Anomaly Detection Model for Novel Antarctic Species Discovery

Overview

I am fascinated by embedding models, so for this project I used the PatchCore method to develop an unsupervised anomaly detection tool with the aim of identifying potentially new species in subsea towed camera imagery. The work builds on research conducted by British Antarctic Survey using imagery from the Weddell Sea Benthic Dataset, collected during expedition PS118 aboard the RV Polarstern.

The model was later tested on imagery from other transects collected during the same cruise, where it successfully highlighted several unusual organisms either not present or not prevalent in the training set. Whether any of these are genuinely undescribed species, I have no idea.

How It Works

PatchCore learns the visual characteristics of normal imagery without requiring large labelled datasets of anomalies or defects. I implemented the model using Anomalib, an open-source library for unsupervised anomaly detection and localisation. A pretrained neural network extracts feature embeddings from image patches, in this case using layers 2 and 3 of a pretrained ResNet backbone. A subset of these embeddings are stored as a representation of normal appearance.

During inference, new image patches are compared against this memory bank, and regions that differ significantly are assigned higher anomaly scores. These scores are then reconstructed into pixel-level anomaly heatmaps, allowing unusual features to be localised within an image.

Training Set

Researchers at BAS previously used imagery from expedition PS118 to train an object detection model for large-scale biodiversity monitoring. The dataset comprises 100 high-resolution OFOBS images from PS118, standardised into 25 morphotypes for object detection models. As part of this work, a team of expert ecologists spent over 800 hours labelling 100 images selected for their ecological diversity.

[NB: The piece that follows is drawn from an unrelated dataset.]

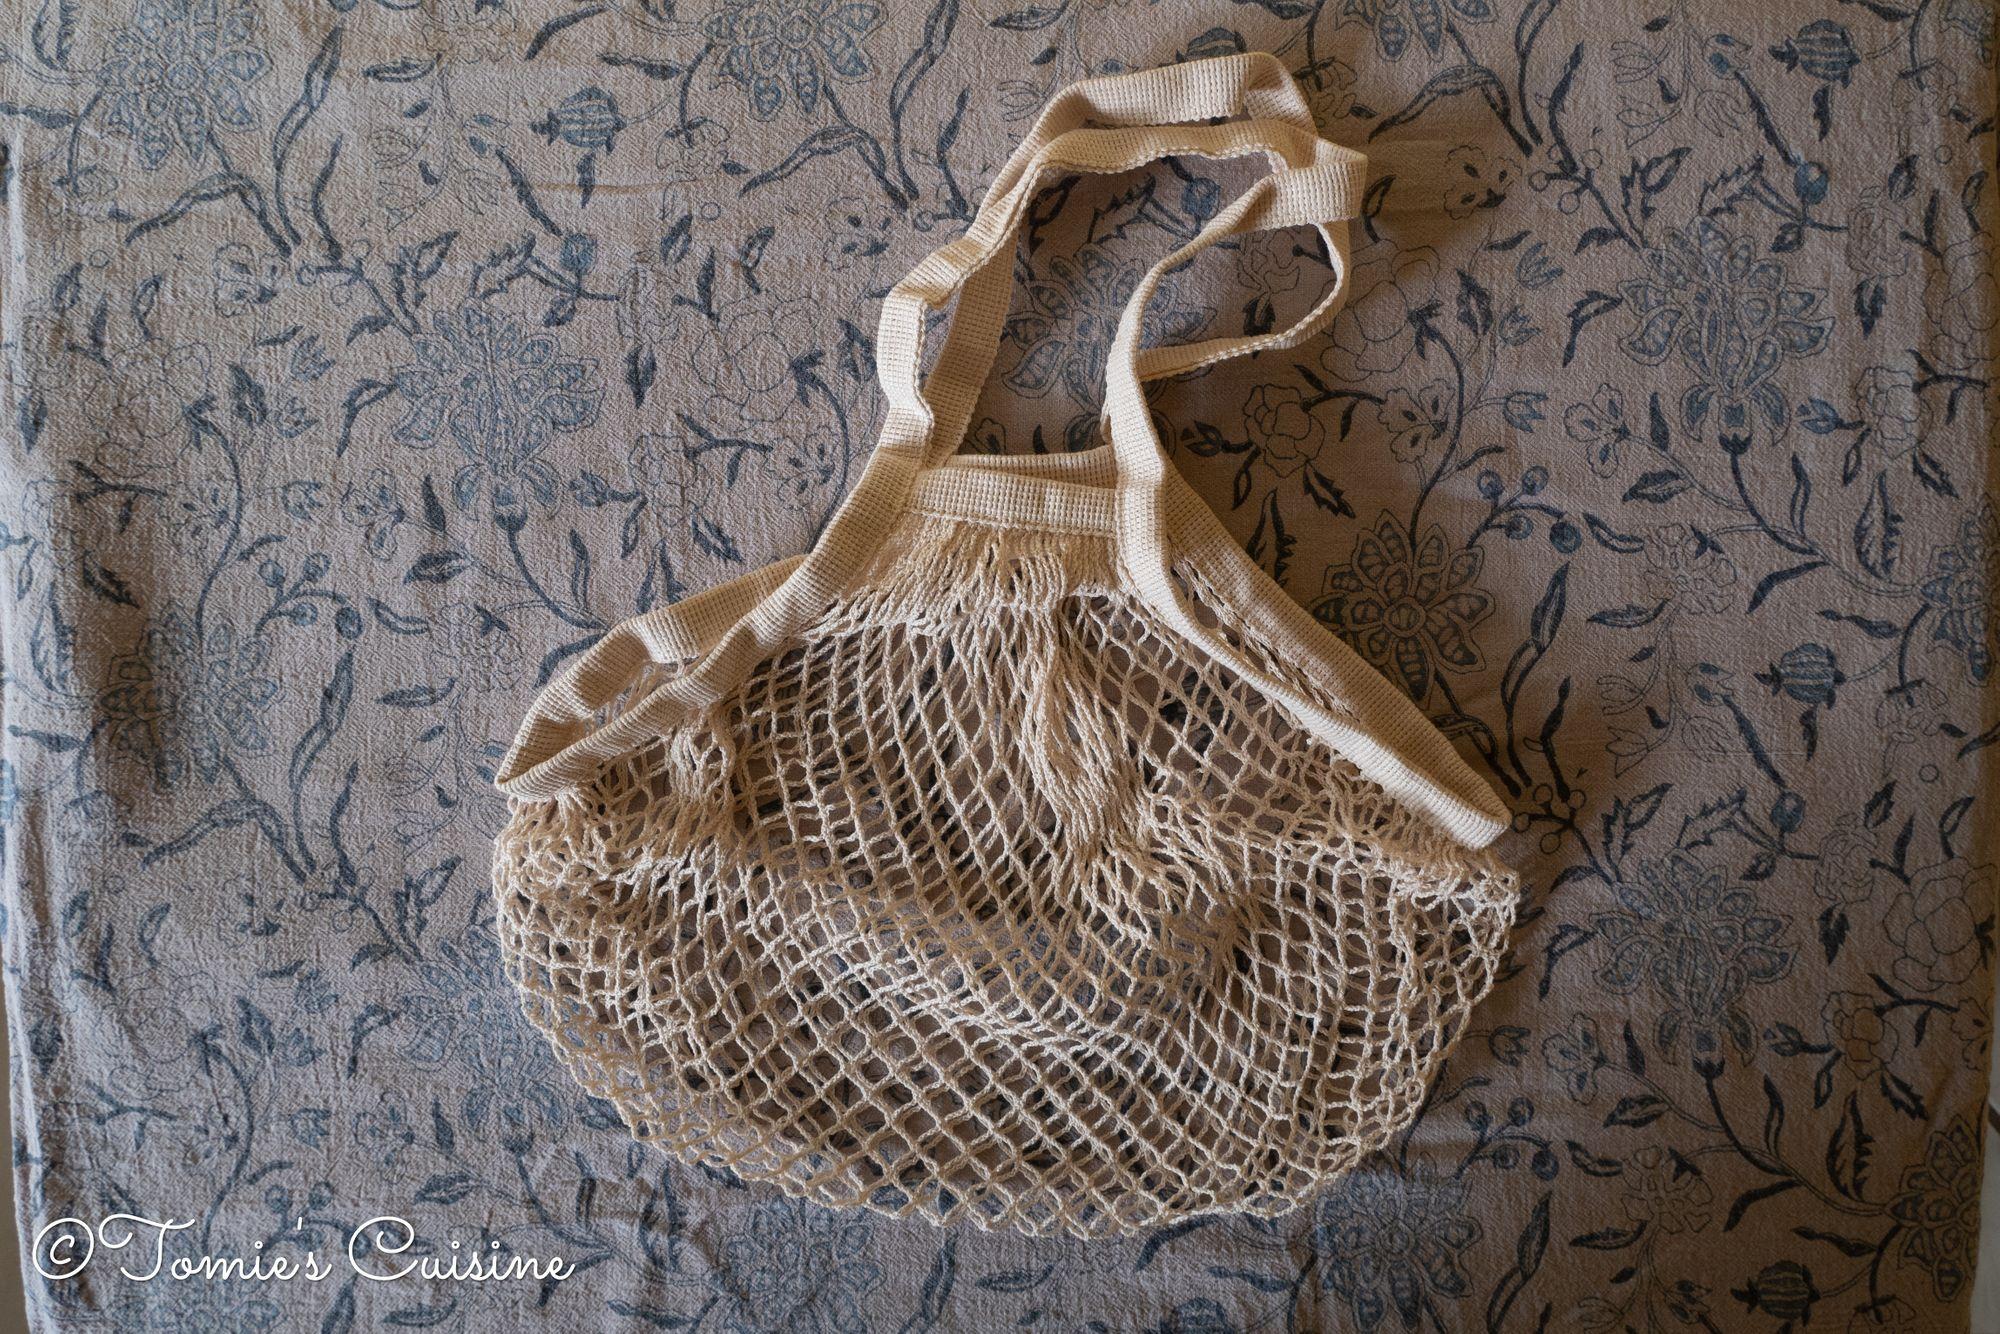 Verebio's net bag

My assumption was that if genuinely novel organisms existed within these images, they likely would have already been identified. I therefore used this labelled dataset as the model's normal training set.

Testing

As a sanity check, I first ran the training imagery back through the anomaly detection pipeline. Surprisingly, several strong anomalies were still identified. The most visually striking was this purple elasipodid. There is only a single example of an organism like this within the training data.

Testing On New Transects

To test the method further, I applied it to imagery not used for training and collected during cruise sections 69-1 & 6-9. Initially, many high-scoring anomalies turned out to be blurry imagery, poorly illuminated frames, or images taken too far from the seabed to contain useful ecological detail.

I refined the test dataset using the image metadata, filtering for similar depths and geographic locations to those used in training. This improved the proportion of in-distribution imagery used during inference. Given my fairly modest GPU resources I only tested around 300 images, but there were still some interesting detections.

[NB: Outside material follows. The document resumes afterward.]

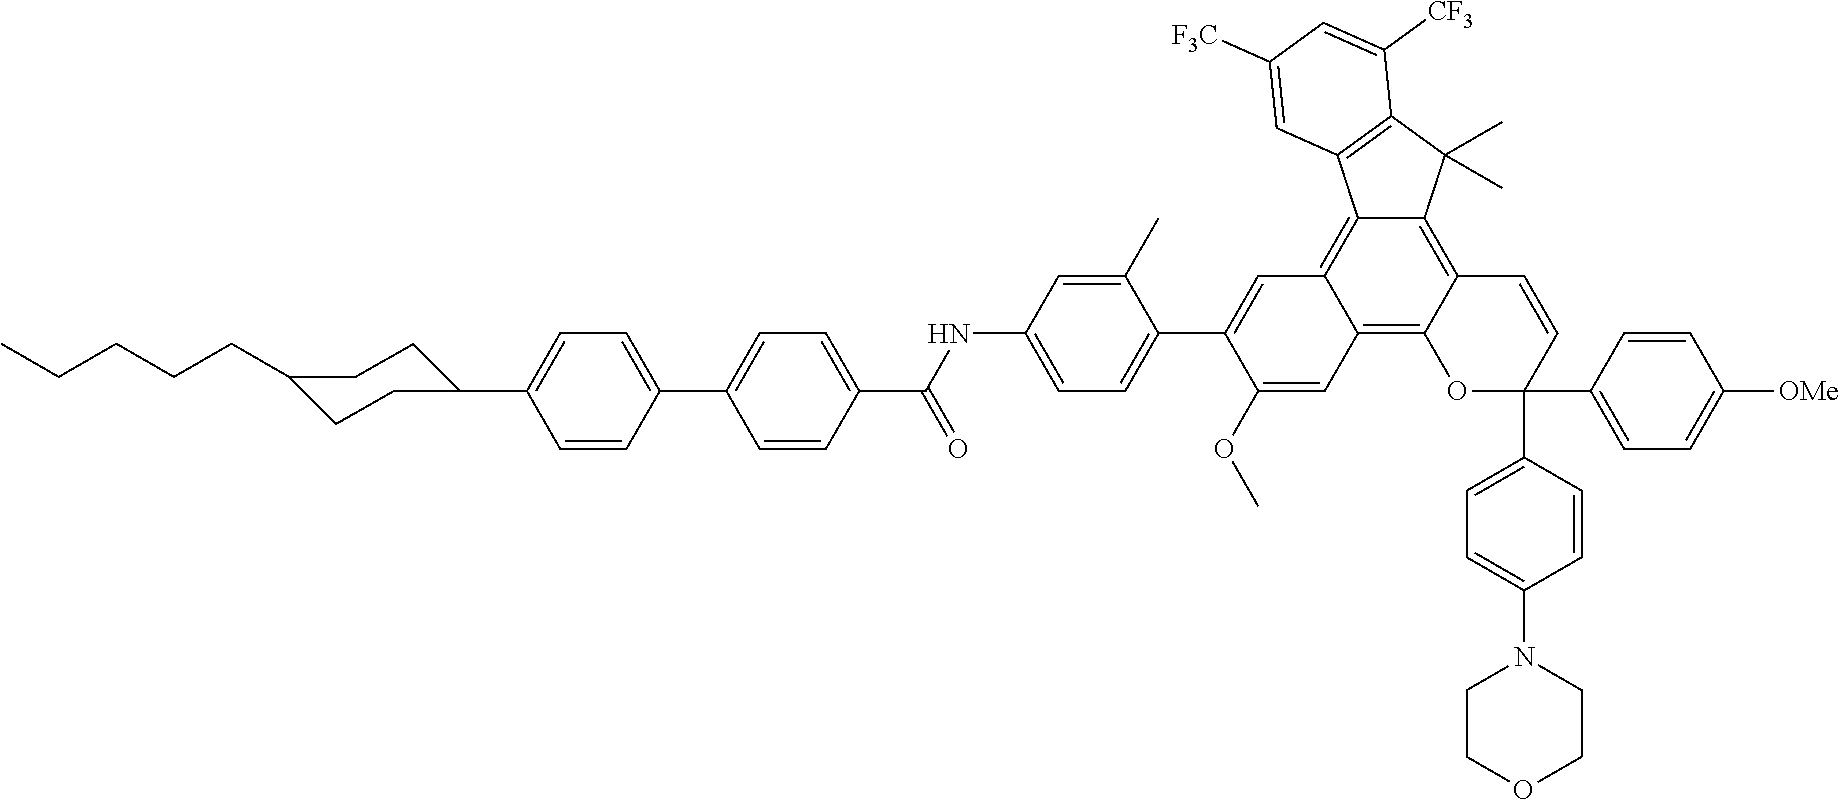 Figure US08518546-20130827-C00051

The strongest result was the identification of what I believe to be a worm, as I could not find anything visually similar within the training set. Worm tubes were present, but no visible organisms themselves.

The model also identified a less colourful elasipodid, a ring-shaped anemone, and what I think is a sea pen. These were less anomalous overall because related examples existed within the training data, but only in very small numbers. Out of roughly 31,000 organisms used during training, there were fewer than 20 similar anemones, around 10 sea pens, and only two comparable elasipodids.

Next Steps

I am currently exploring several ways to improve the method:

• Balancing the training data so that equal numbers of patches capture seabed and benthic organisms.
• Augmenting patches containing underrepresented organisms to improve their representation within the memory bank.
• Training on much larger volumes of unfiltered cruise imagery rather than expert pre-screened datasets. Rare organisms still tend to be flagged as anomalous even when present in training, so this may still allow genuinely unusual species to be identified.